Tuesday, May 26, 2009

Drained Swimming Pools

"Exiled from the Paradise of the Ordinary"
J.G. Ballard (15 November 1930 – 19 April 2009)



The following excerpts I transcribed from Eleanor Wachtel's 1993 interview with Ballard for CBC Writer's & Co.


"People in the west, in particular, Western Europe, Canada and the United States -- for all the civil unrest you find in places like Los Angeles and Northern Ireland and so on -- we lead extremely stable, settled lives. We're certain that, on the whole, our fabric as a society that we live in is not going to be torn to shreds overnight. Governments may change, but basically, our way of life, and all the civilities of our way of life, remain intact. Now, in Shanghai, first in 1937 and then of course in an even bigger way after Pearl Harbour in December 1941, everything came to an end. The comfortable country club existence that I and my parents led, protected by the wealth of the Europeans and Americans, ended absolutely, and suddenly we were in as much danger as any beggar on the streets of Shanghai ... This was a profound lesson which I learned well. And I've never forgotten. Reality, even the most reassuring reality, was nothing more than a stage set whose entire cast and scenery could be swept aside overnight."

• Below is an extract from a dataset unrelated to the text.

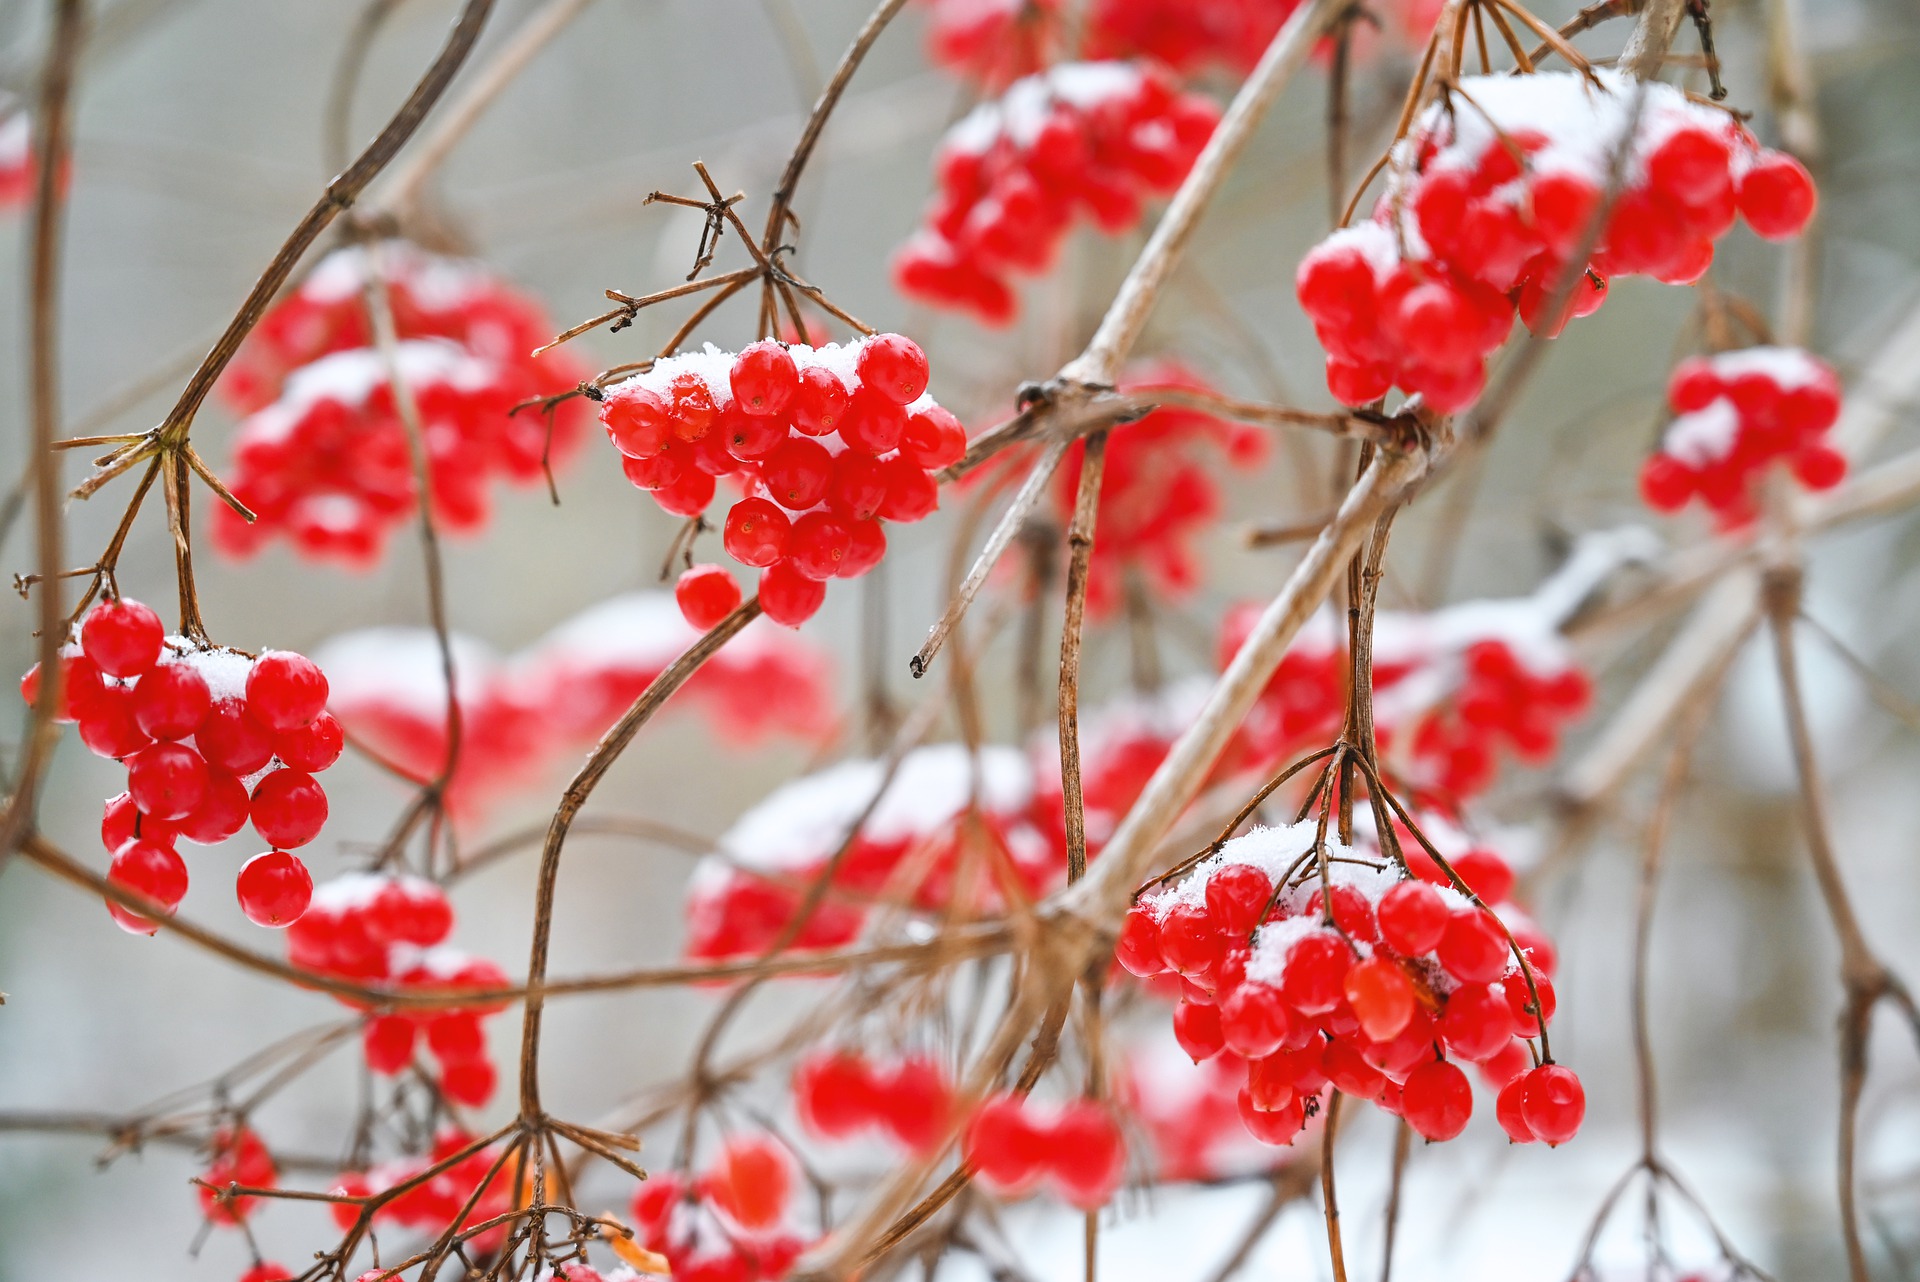 red-berry-g6f9ba998a_1920

"The Doctor / Psychiatrist for the last forty or fifty years has taken the role of the priest, as the man who takes the spiritual pulse of the people at large, the man who prescribes for the spiritual ills from which people suffer, he enlists science for the aid of the soul ... I think the experience of dissecting a human cadaver is a profoundly moving one. There's no question that the whole process, day by day, of paring away the skin, separating the blood vessels and nerves, delving down through the muscles, laying bare the physical being that once walked this earth, is deeply moving, and is as close to a human being as one can ever get."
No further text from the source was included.